Given information:
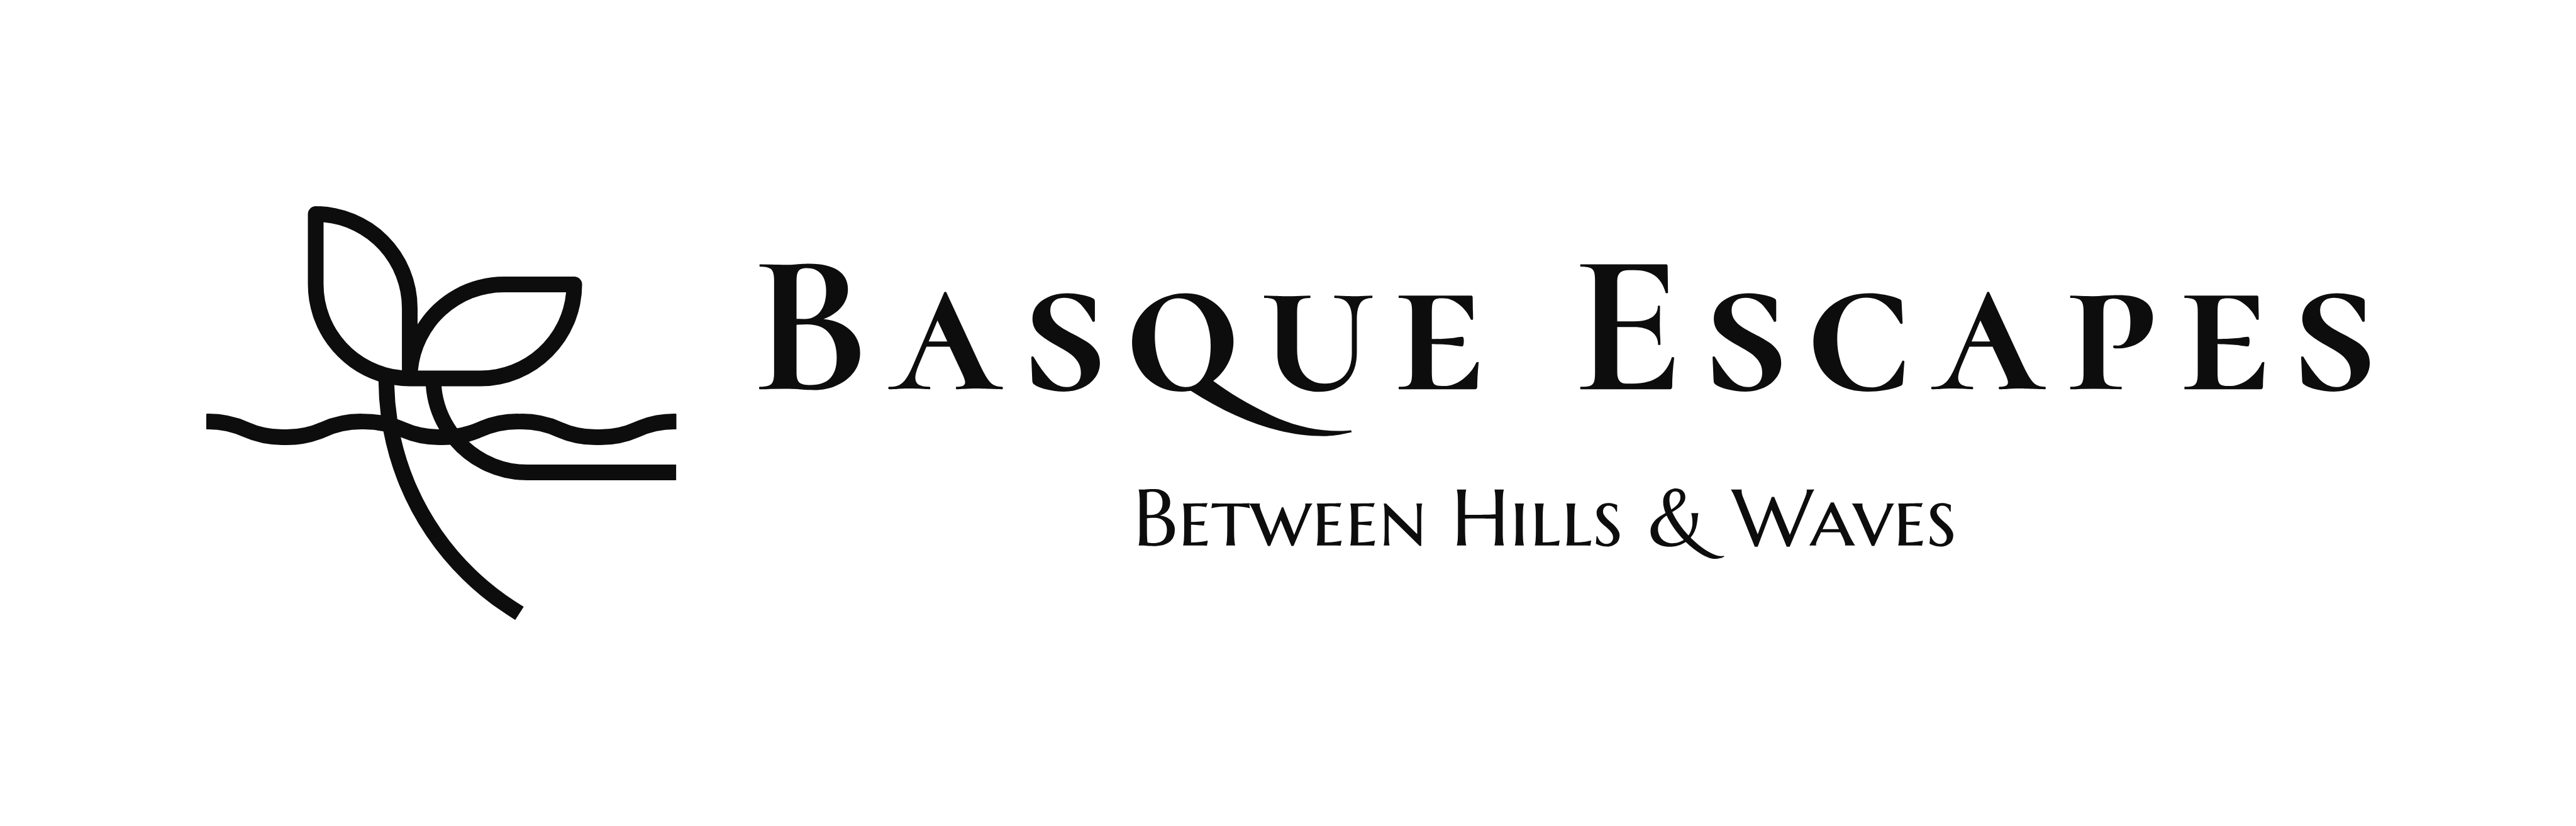 Basque Escapes - Between Hills & Waves
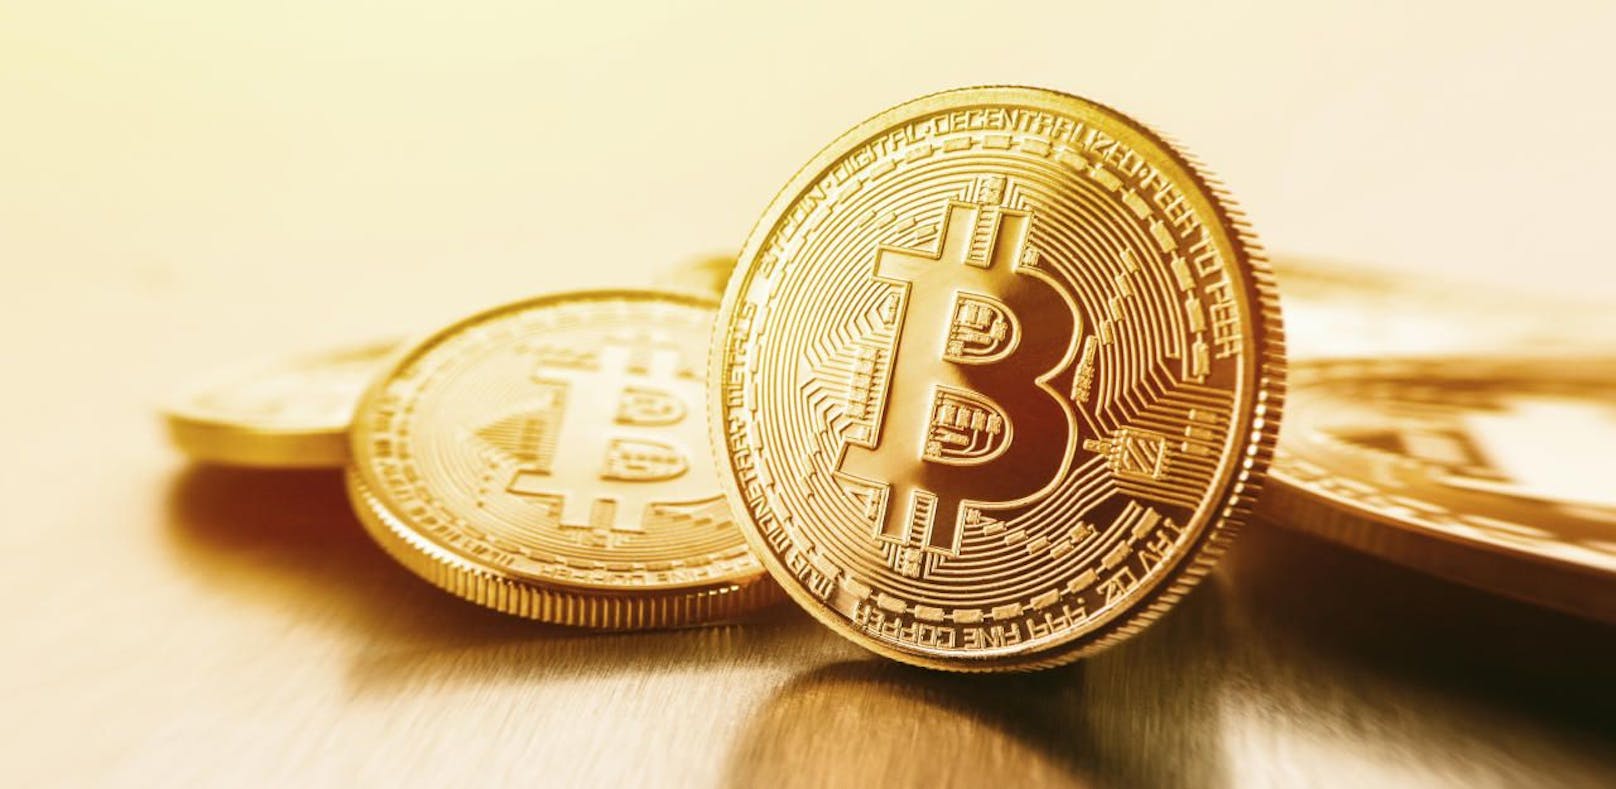 Bitcoin stiegen im Vorjahr um mehr als 300 Prozent.
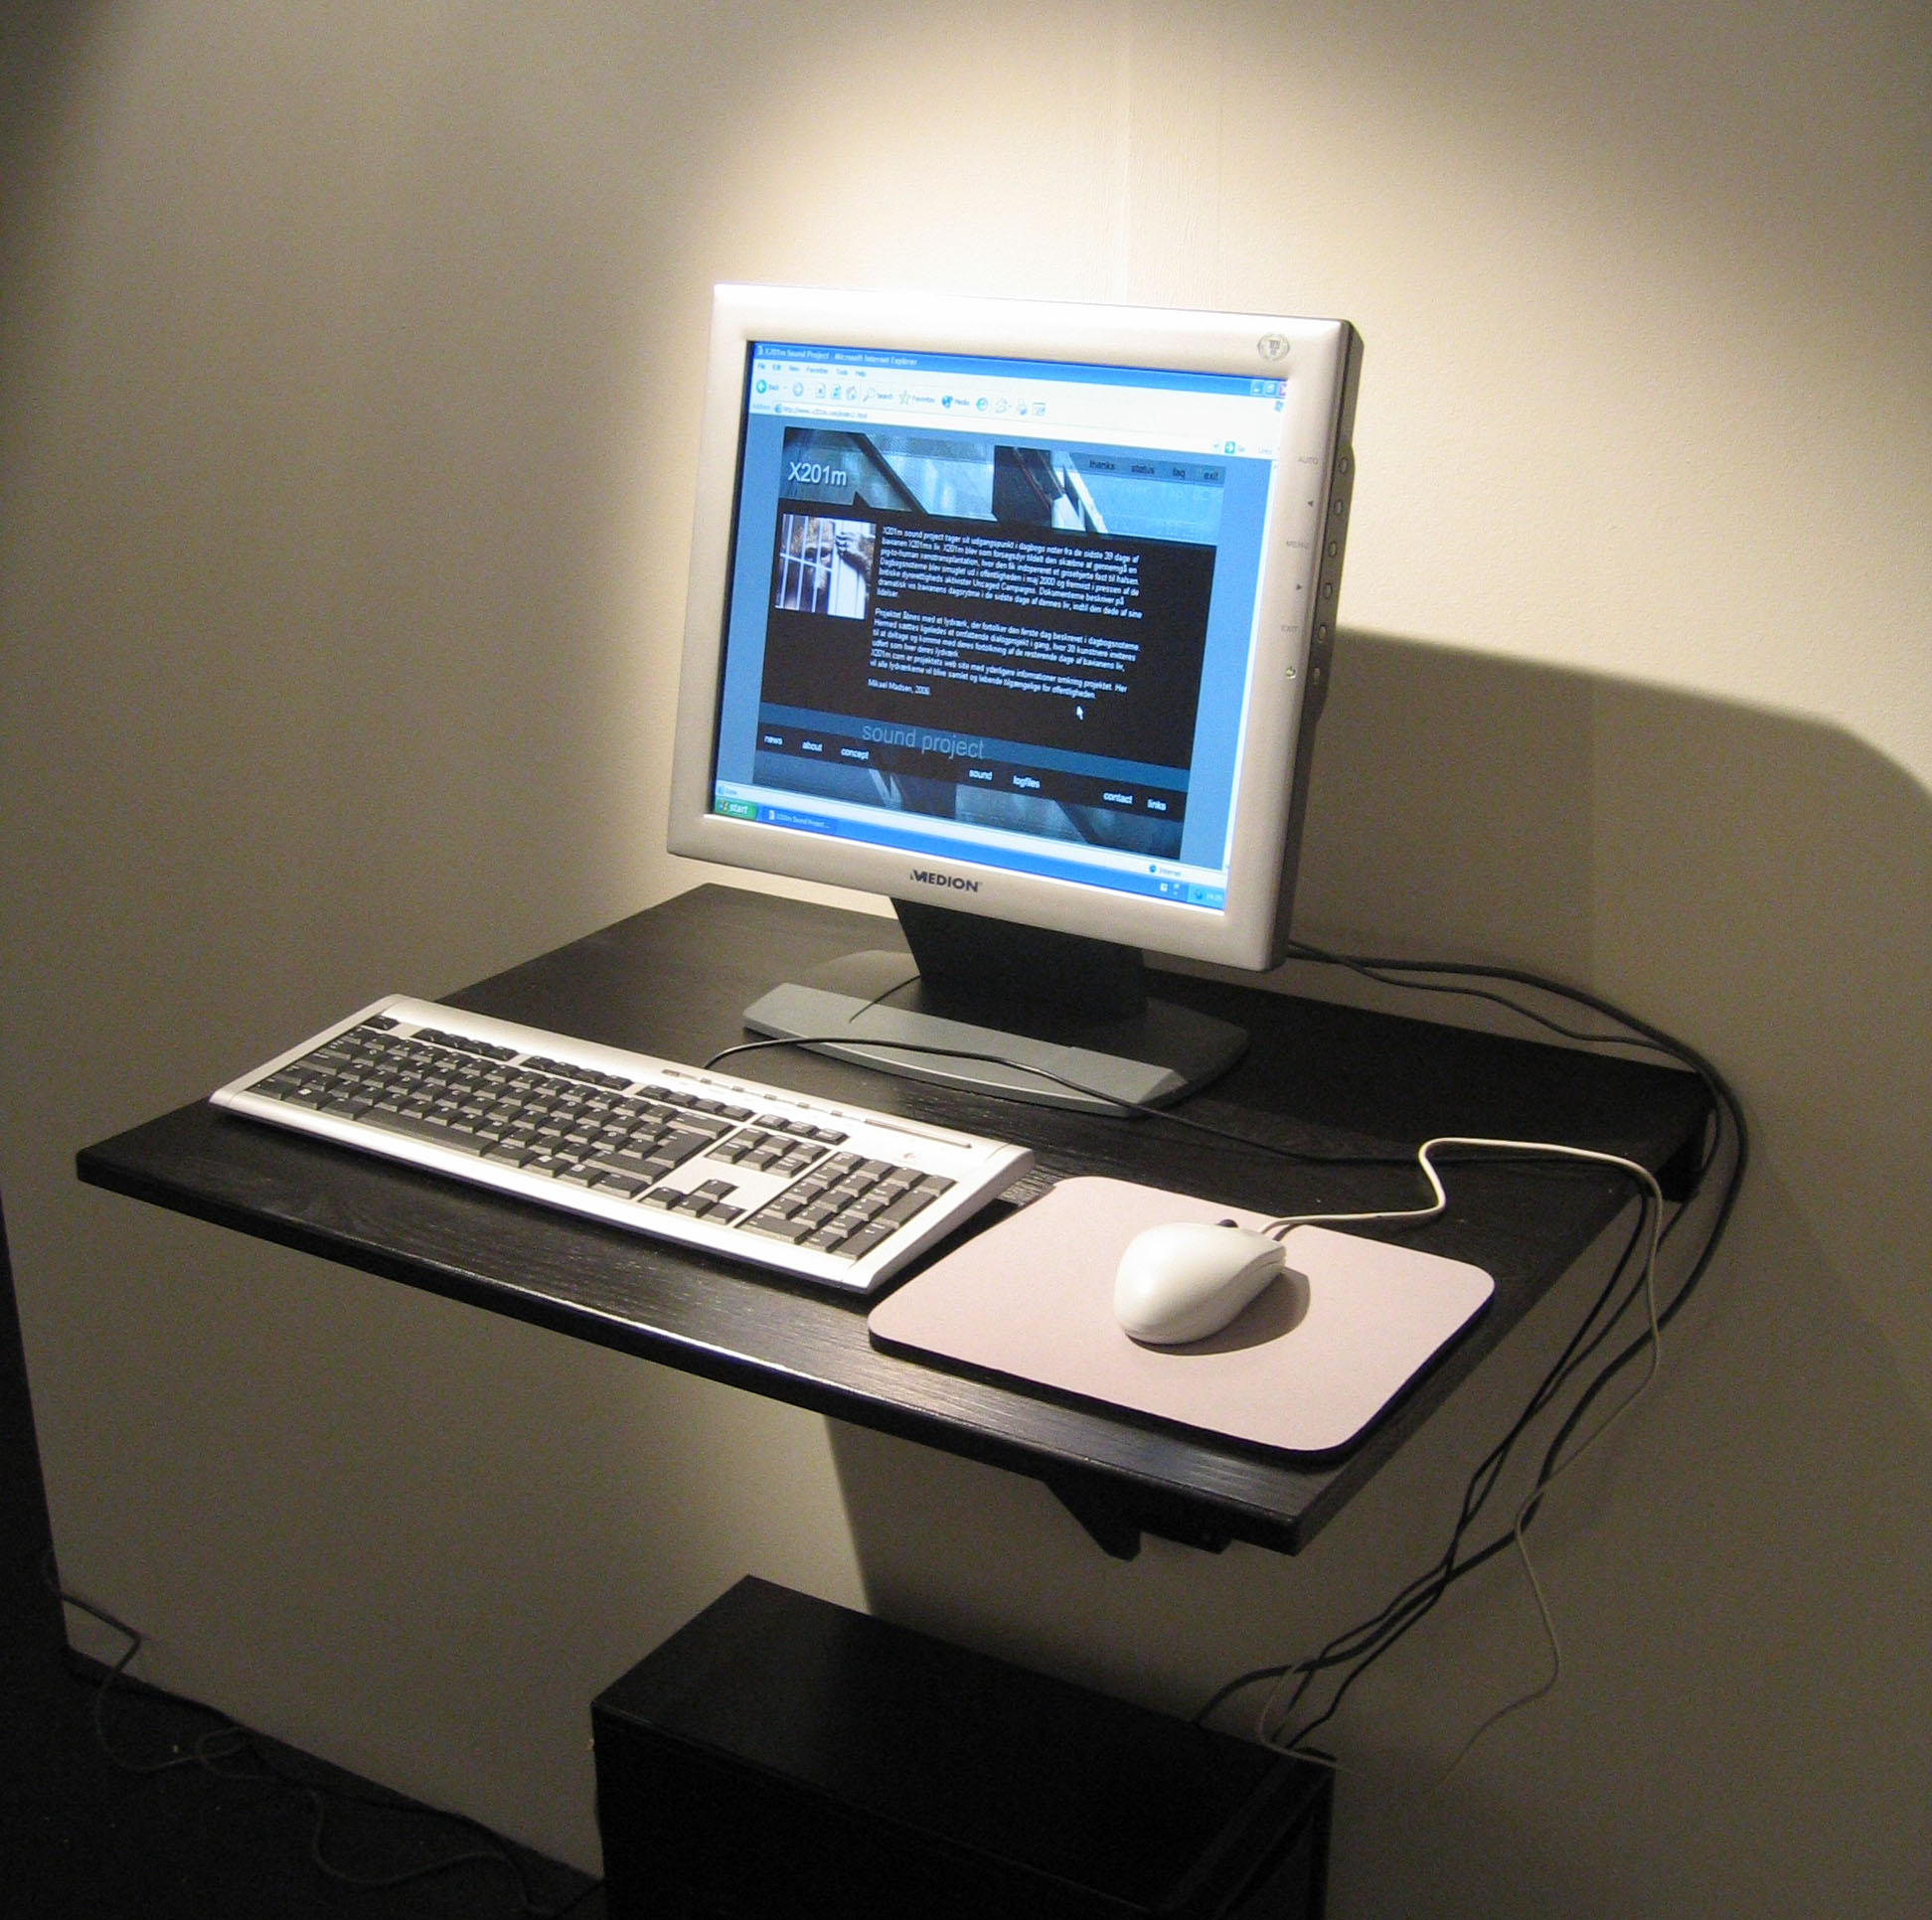 X201m Sound Project webpage - Exhibited at SpLab - Special Laboratorium for kunst og offentlighed - Det Jyske Kunstakademi 2006

Problem to solve: Could you return the whole listing exactly, images excluded?

Written answer:
 Basque Escapes - Between Hills & Waves
 Bitcoin stiegen im Vorjahr um mehr als 300 Prozent.
 X201m Sound Project webpage - Exhibited at SpLab - Special Laboratorium for kunst og offentlighed - Det Jyske Kunstakademi 2006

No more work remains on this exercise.